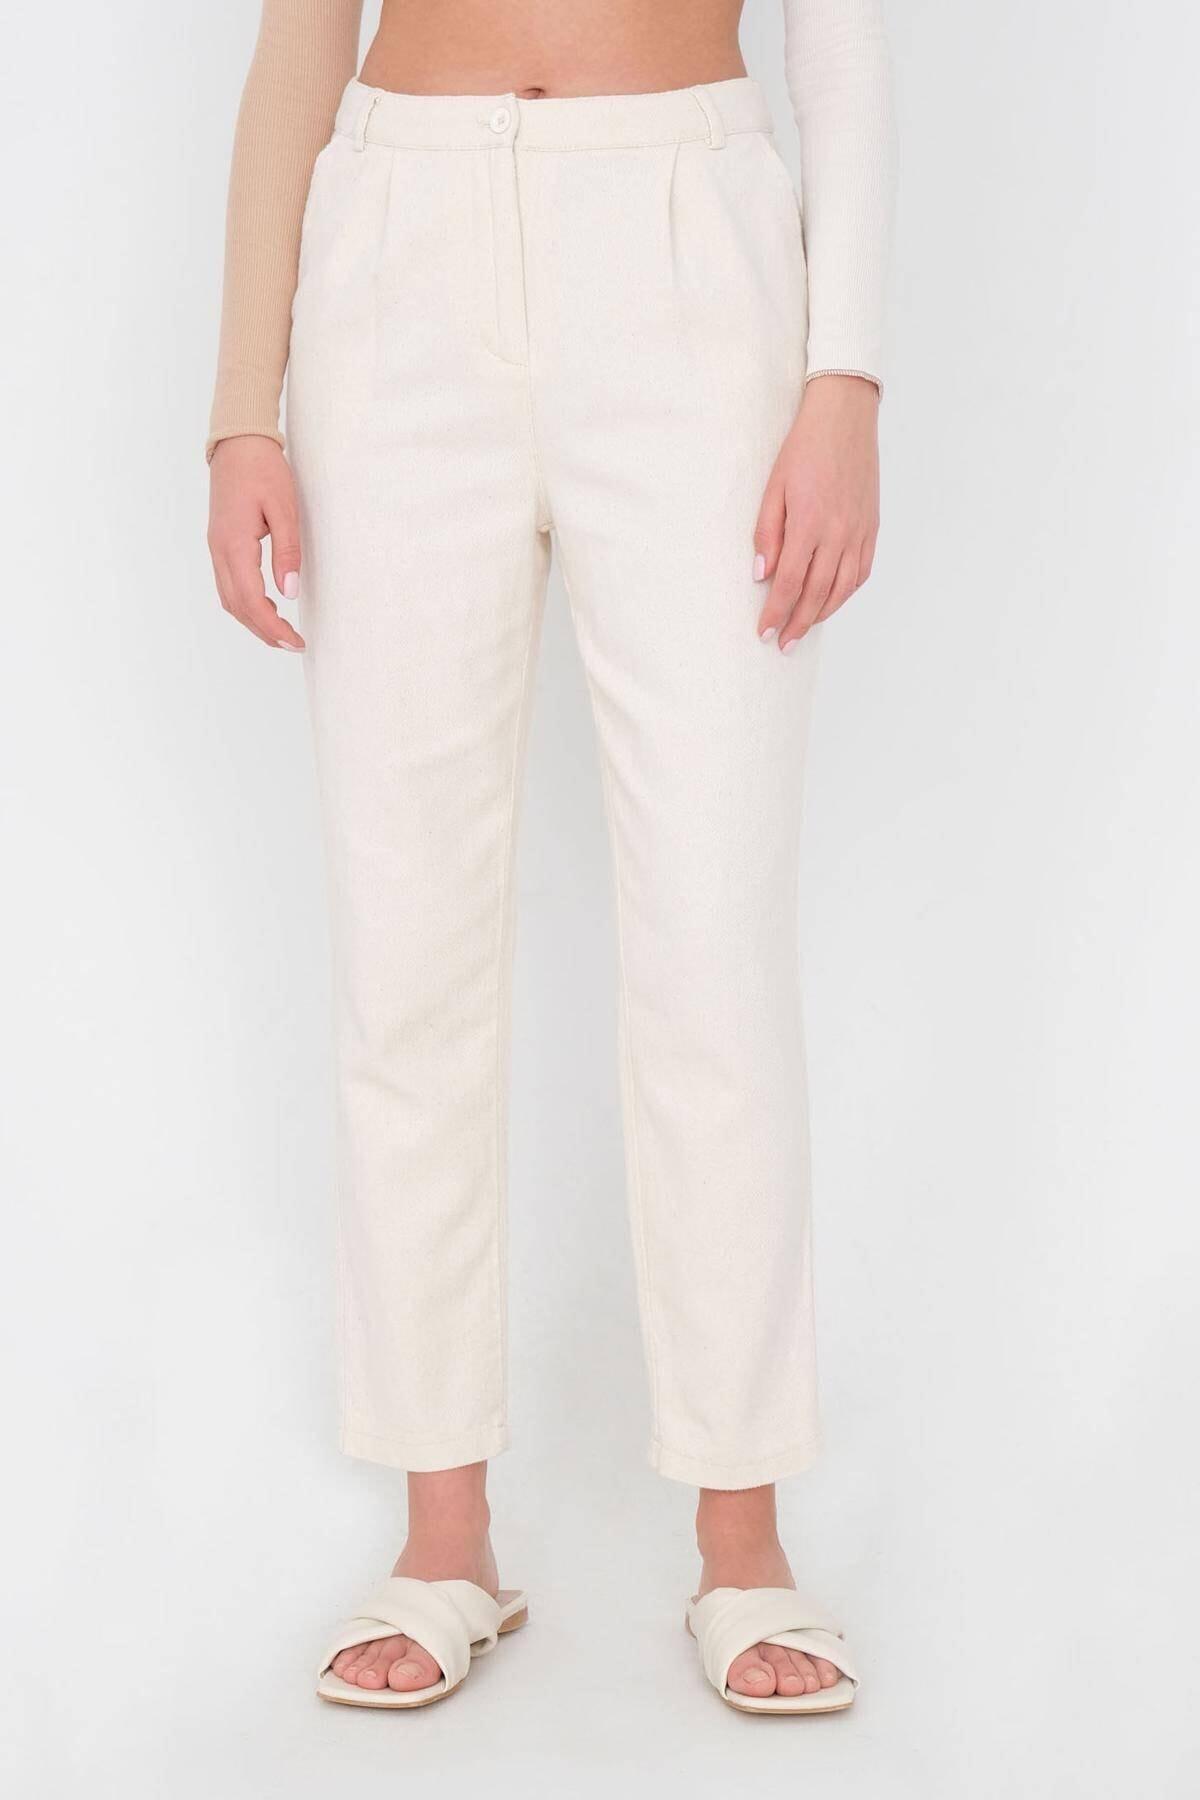 Addax Kadın Taş Cep Detaylı Pantolon Pn03-0045 - K12 Adx-0000024274 1
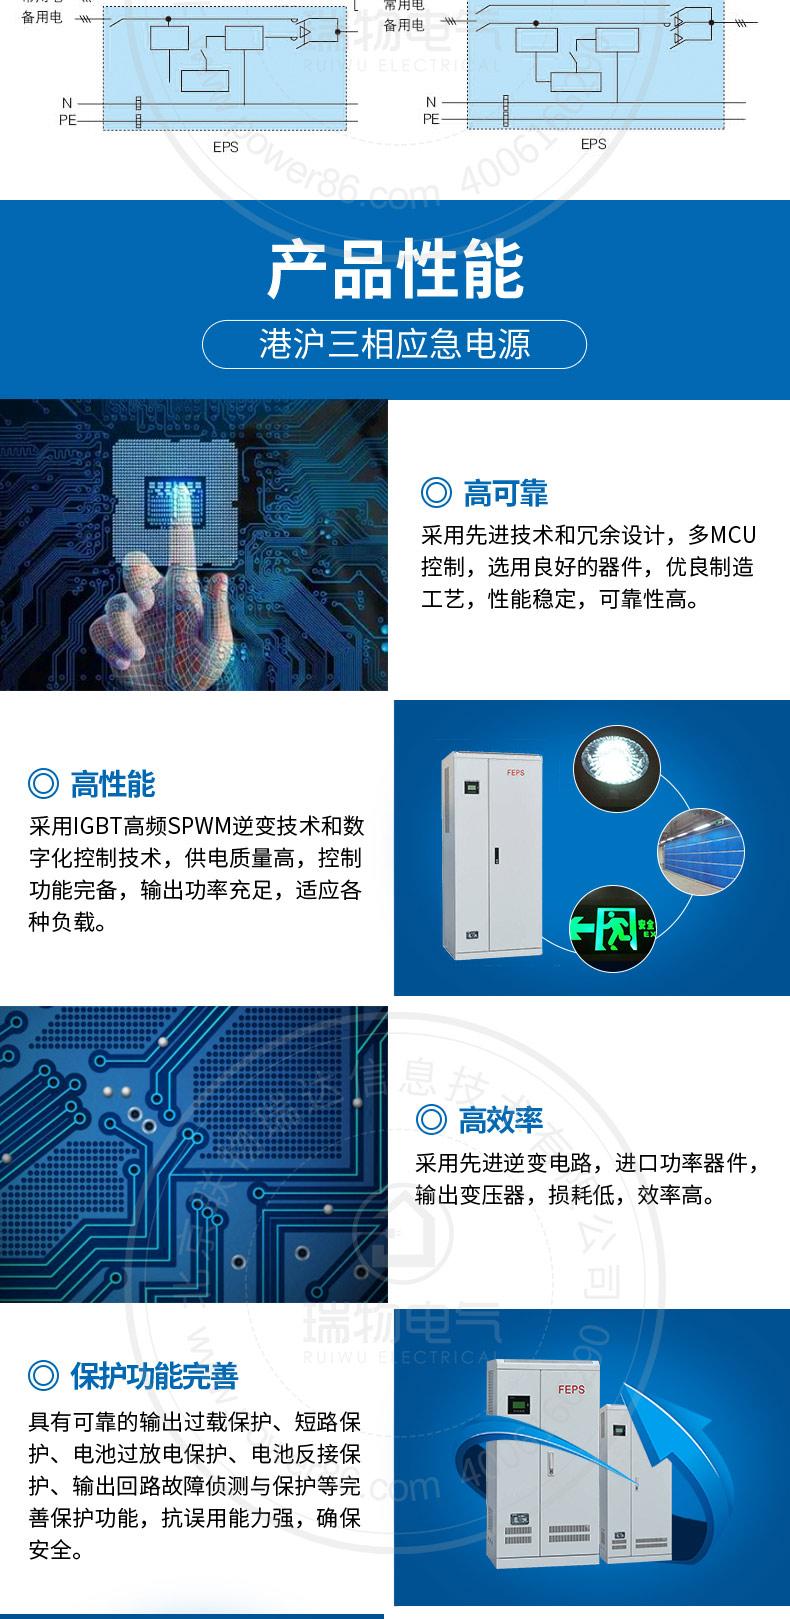 产品介绍http://www.power86.com/rs1/eps/2567/2569/130/130_c4.jpg
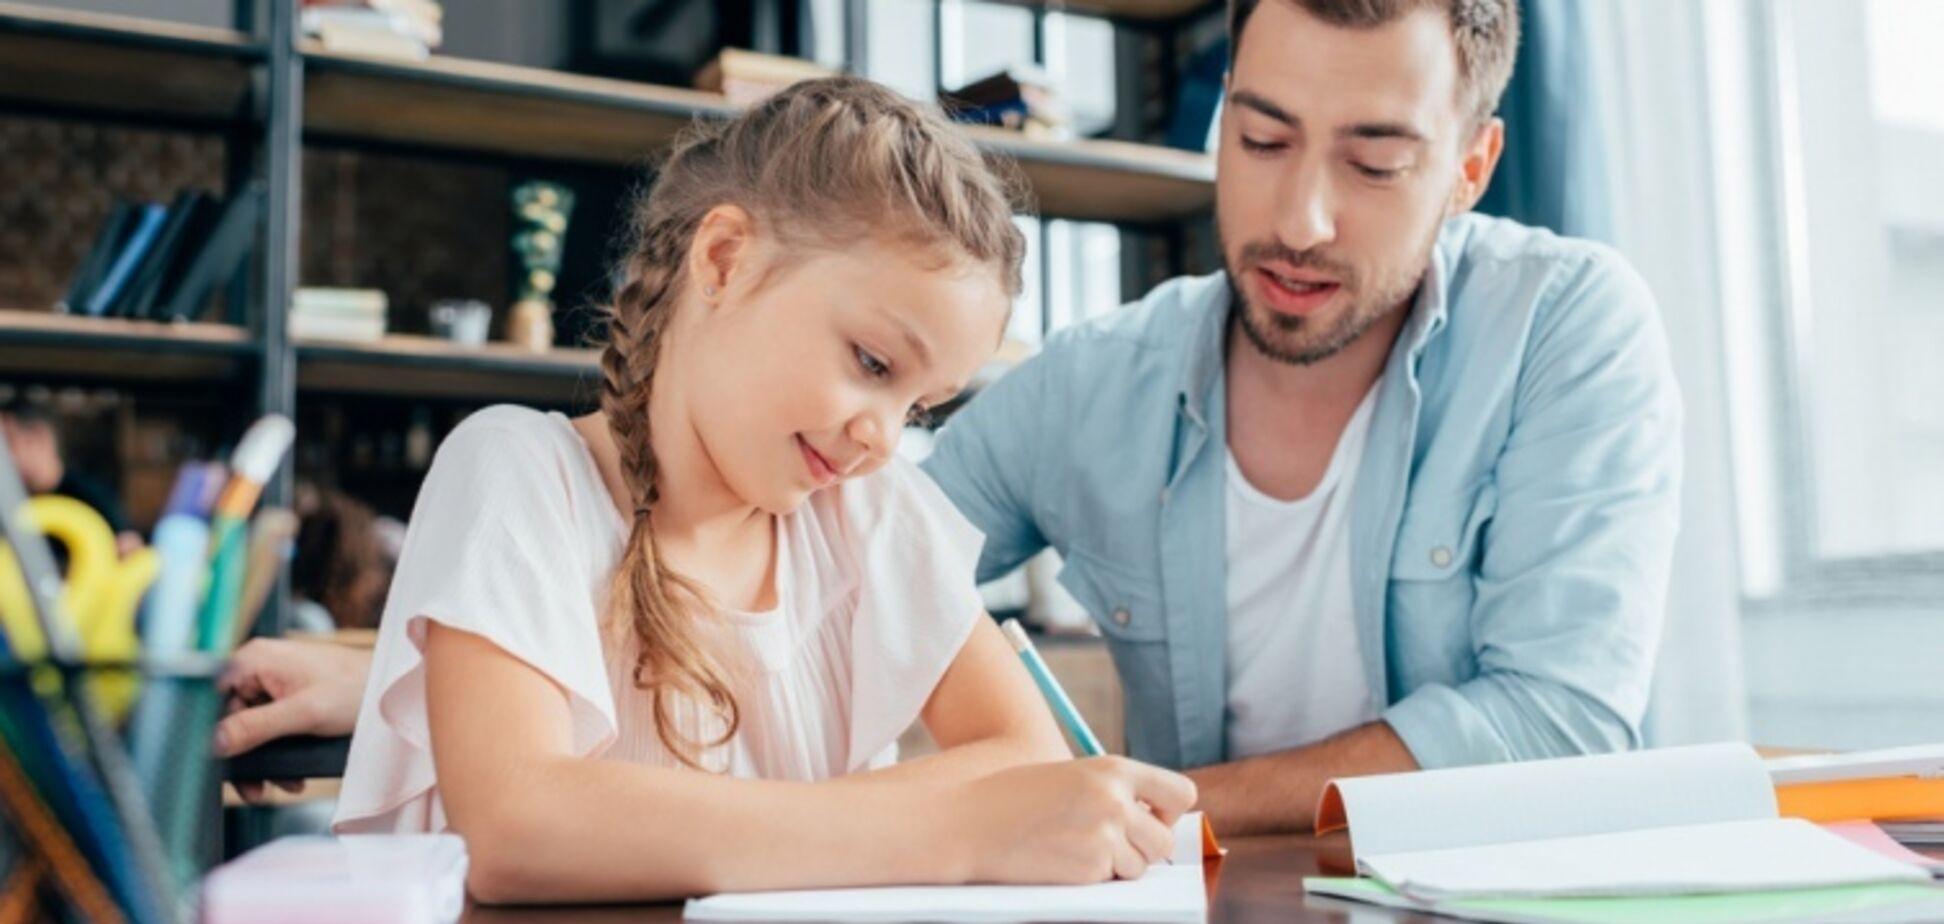 С сентября украинские школьники смогут учиться дома без уважительных причин: в Минобразования рассказали подробности
══════
* **Your objective**
From the line with "产品介绍http://www" through the end of the listing, write out every line exactly, leaving out the pictures.

* **Response to the exercise**
 产品介绍http://www.power86.com/rs1/eps/2567/2569/130/130_c4.jpg
 С сентября украинские школьники смогут учиться дома без уважительных причин: в Минобразования рассказали подробности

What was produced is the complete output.